6. If the plot seems to slow down, give someone a gun or a knife and kill off one of those secondary characters you don’t care about anyway.

7. If you want to write a serious novel, make sure the main character is jaded and has lost interest in life. This anti-hero must view all other people as phonies, fakes or idiots. The character should experiment with drugs and sex. At some point the character should watch someone die or at least be assaulted. At no point should the anti-hero feel any real pleasure. Happy endings are strictly prohibited.

8. Writing a mystery? Make sure the clues are really obvious or really obscure. Either way, your hero will be the only person who can piece these things together. At some point they must accuse the wrong person and be ridiculed for it. In the end though, they should deliver a speech that explains exactly how everything happened.

9. If you are writing about sports, make it clear that sports always provide important life lessons. Make sure the novel has one obsessive and one downtrodden coach.

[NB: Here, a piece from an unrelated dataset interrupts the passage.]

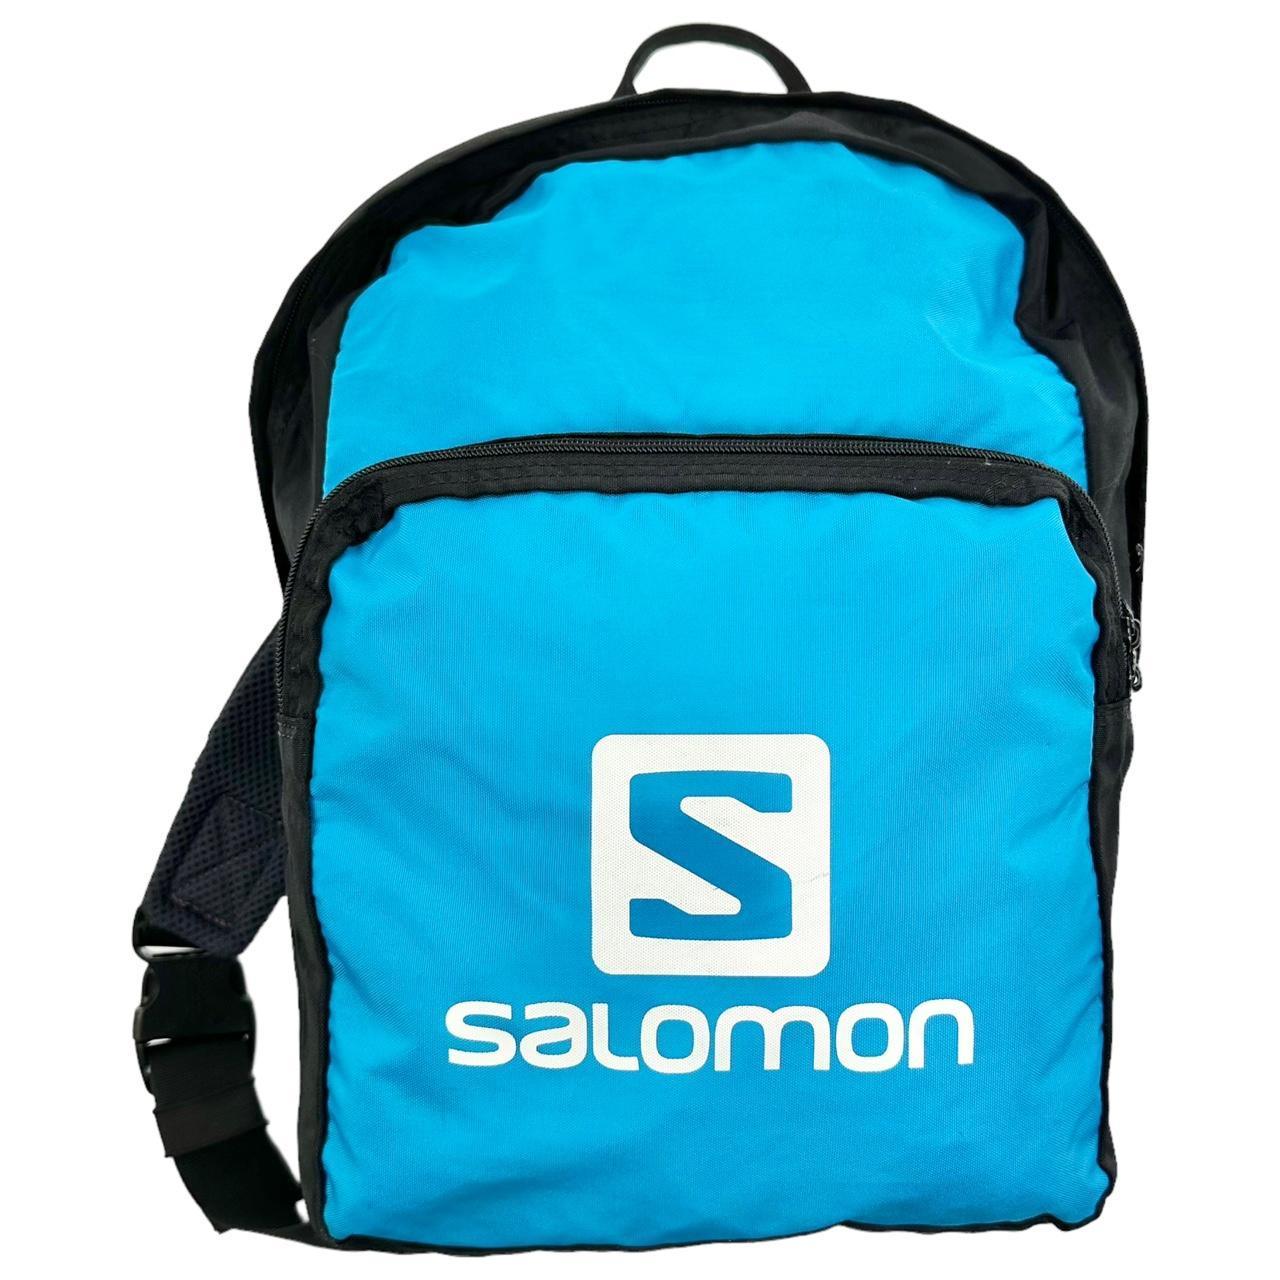 Vintage Salomon Sling Bag - Known Source

10. Character conversations should always be used to explain what is happening and how people are feeling. It is perfectly natural to have a character explain to his office mate (whose brother is a bank president) that he used to be a safe cracker, but now he just wants to go straight.

11. Don’t forget to use italics when you want to emphasize something.

12. At the end of the book, you must have the main character reach an important and life-changing epiphany. Make that epiphany really obvious. Don’t worry about why they had one, just make sure they had it so the reader knows the book is ending.

13. Editing is just a waste of time. Spell check it and move on.